三十 太陽の黒い場所
今回短めです。
吹き付けてくる風が重い。空気が湿っているとかじゃなくて、物理的な重さが先程までいた場所とは違う。多分、空気中に含まれる魔力の種類が異なるのだ。多分じゃなくて、それが真実だったはず。テニーチェだとあまり詳しいことまでは分かんないけど、さっきまでの空間と今いる空間にある魔力が別物だってことは頭の隅っこが覚えていた。
そういえば、と思い返す。一番最初にあっちへ行った時は、逆に吹き付けてくる風が軽すぎて驚いてたなぁ、なんて。
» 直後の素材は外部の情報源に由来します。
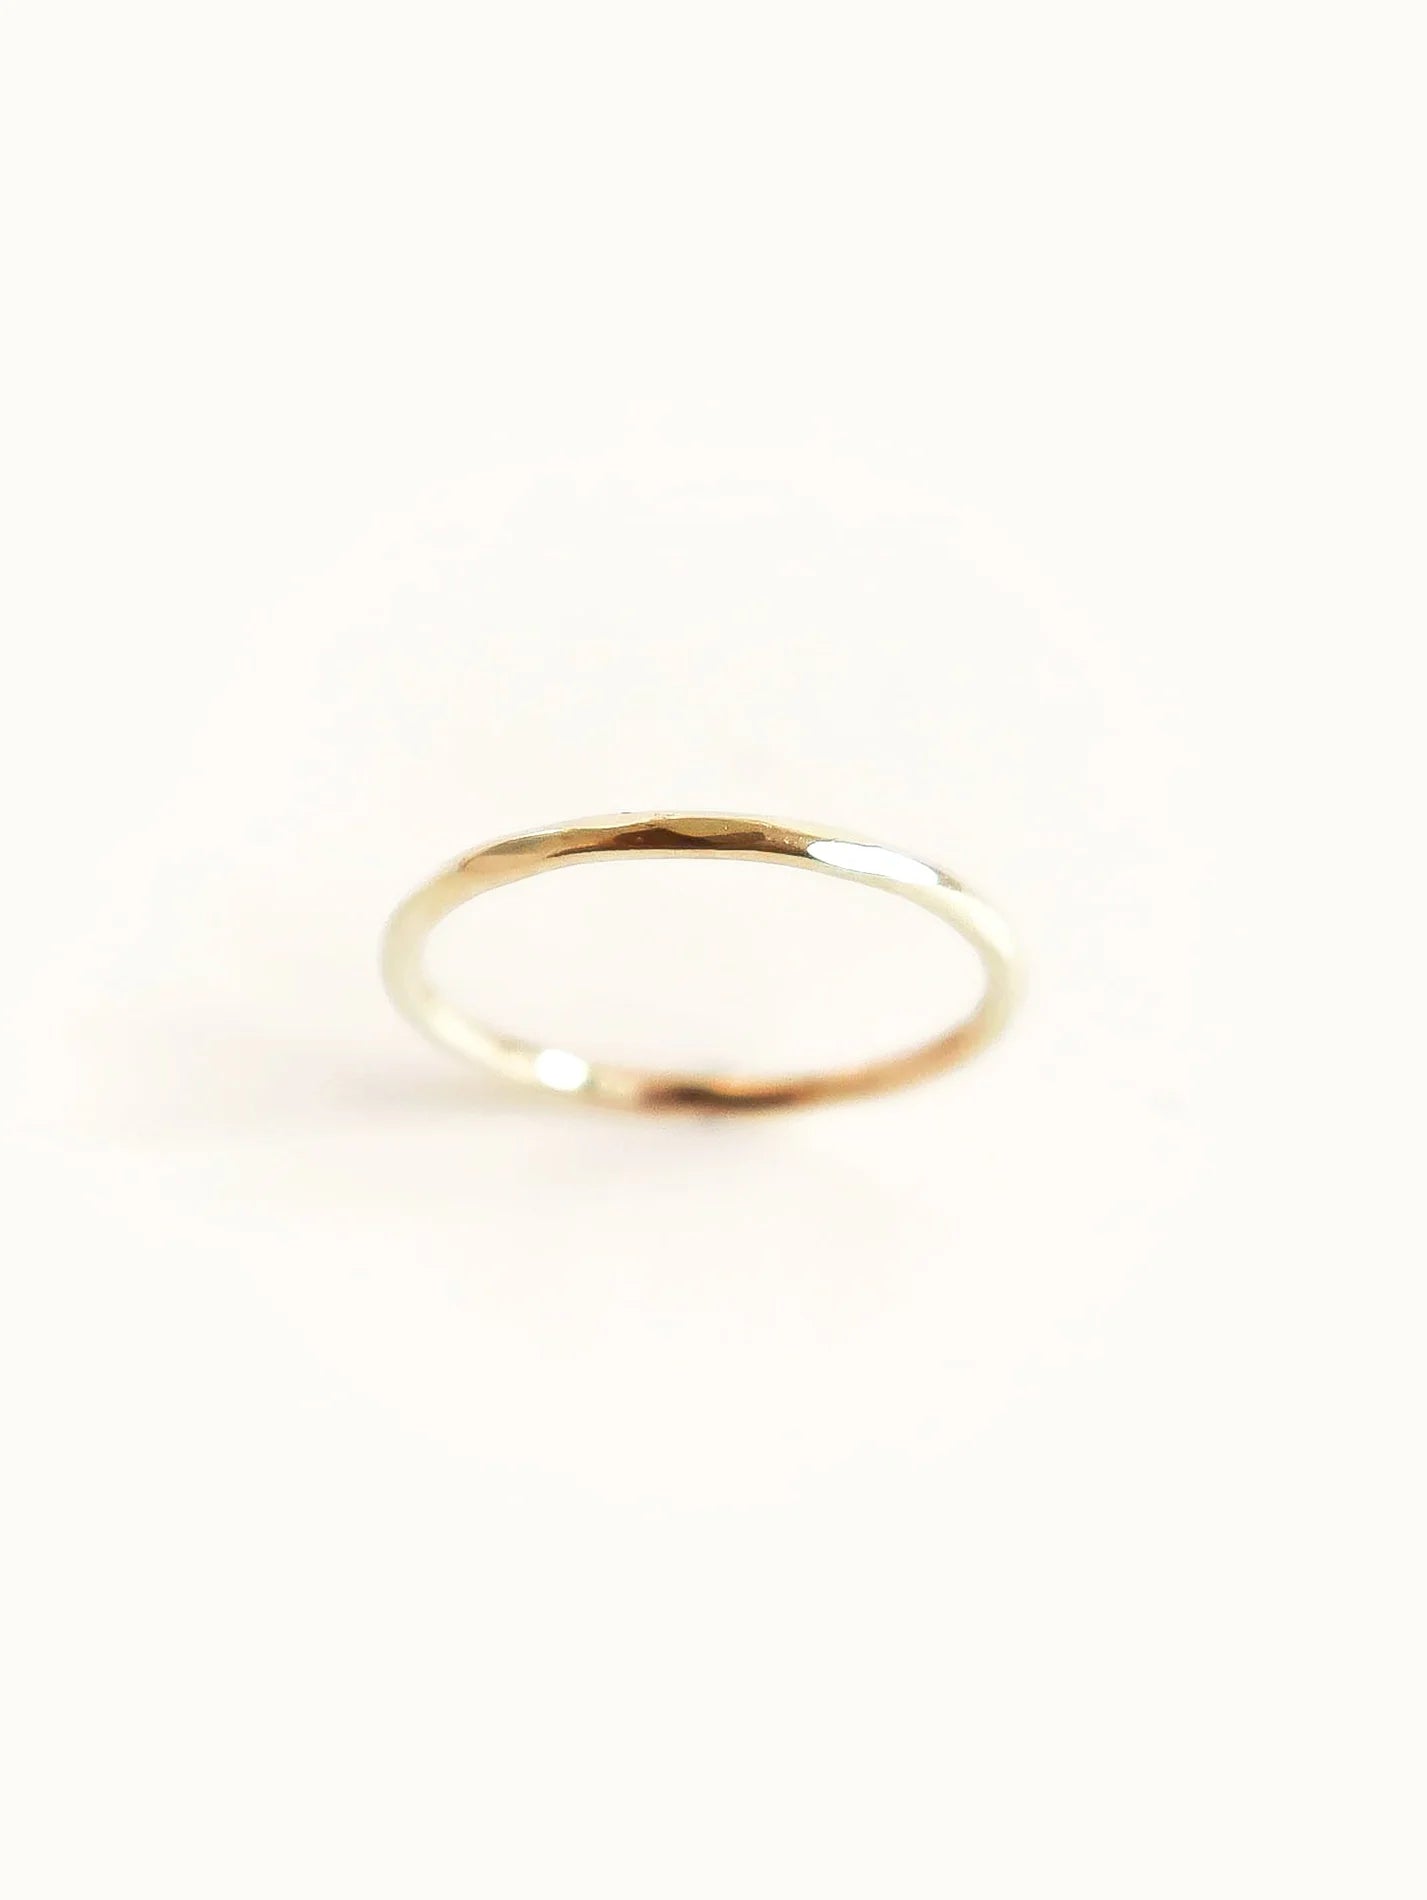 Hammered stacking ring
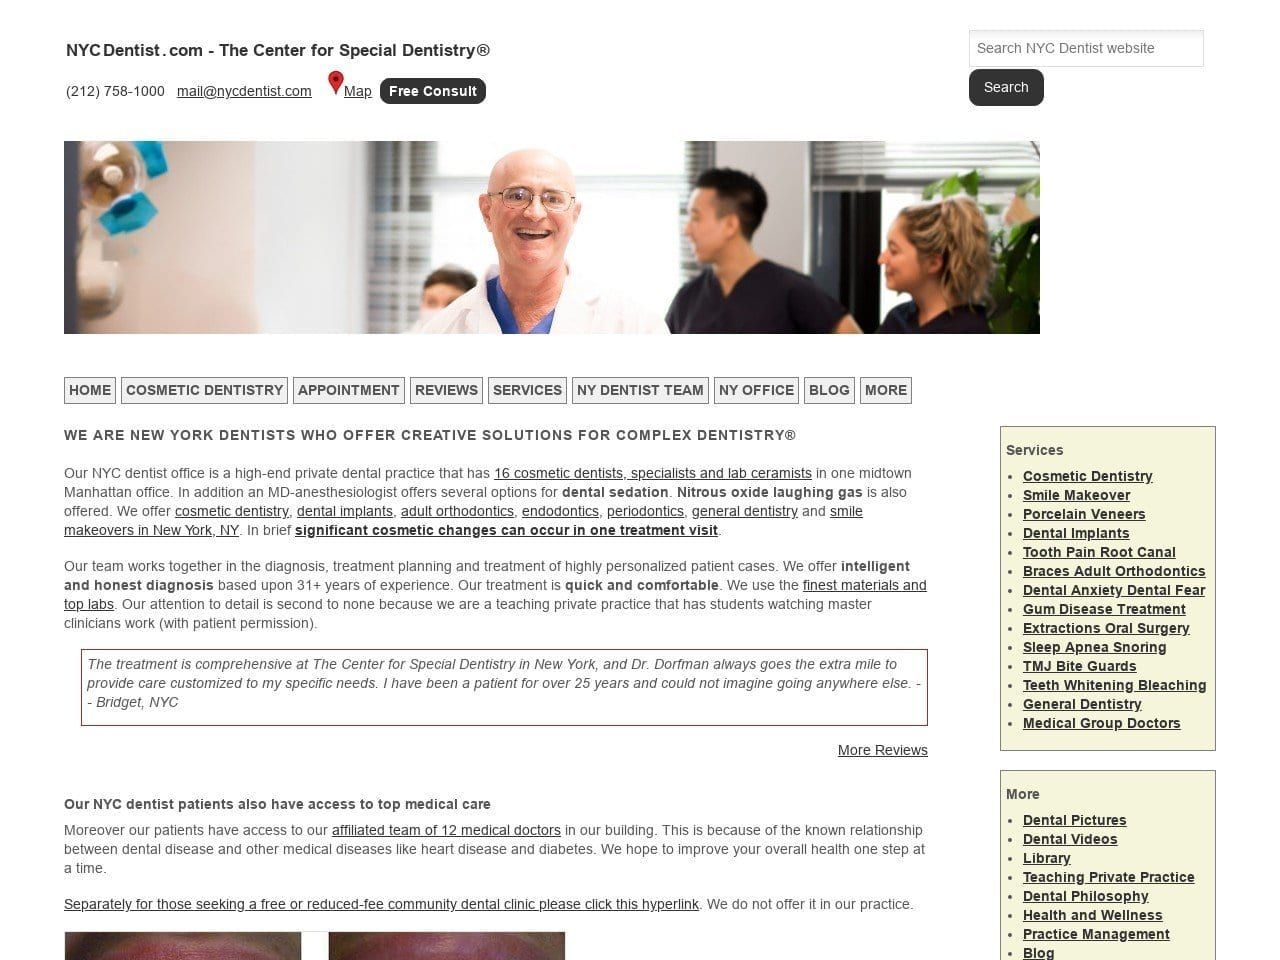 The Center For Special Dentistryc B. Website Screenshot from nycdentist.com

とにもかくにも、目的の場所には無事行き着くことが出来たようだ。
テニーチェは左手首につけた腕時計のアラームを確認する。日付まで指定しちゃえる高機能なアラームは、しっかりと三日後と五日後に音とバイブで知らせてくれるように設定してあった。これは強化合宿で国から支給されたGPS付きのものではない。まぁ、国から支給されていることには変わりないけど。
おそらく、採取の為に行動を始めたら、時の流れなんて忘れちゃうと思うから。しっかりと任務を成し遂げるという点で、三日後と五日後のアラームは大事すぎる生命線となっている。なんたって、ここらにも太陽はあるけど、なんか黒いのだ。屋内に居ようもんなら、ガチで今何時かが分からなくなる。そして、採取対象であるエクスファラン草は屋内に這えている。栽培している、の方が正しいのかもしれないが。
おそらくは、とテニーチェは考える。これから毎年、エクスファラン草を採りに来ることになる。今まではほとんど自分に関係の無かったこと故に栽培所にはそうそう触れてこなかったが、今後の為にもある程度は作業としての効率化を図れるようにしておくべきだろう。
正規の栽培人が出来ればまた交易でかの女々しい国王陛下の元に届けられるようになるが、その場合――なんて未来のことにまで思考が及びそうになったのを、頭を振るって止めた。
とりあえずは、三日、多く取れても五日以内にエクスファラン草を回収し、あっちへ戻らないといけない。三日でどうにかなるとは思うが、いかんせん正面からまともに入るのは久しぶりなもので、あんまり悠長にしている暇はない。
魔力はここに来るまでに使った転移の魔道分減っている以外、変わったことは特にない。むしろ魔道の使い勝手的にはあっちよりも良いかもしれない。まだこっちでの発動を試したことがないから、言い切ることは出来ないが。
エクスファラン草を、一束。本数では、十二本。
交易の時と同じ量だ。
テニーチェはぐっと、大きな伸びをする。
第七王宮魔道師団の長に就任して以来、初めての単独任務が開始を告げようとしていた。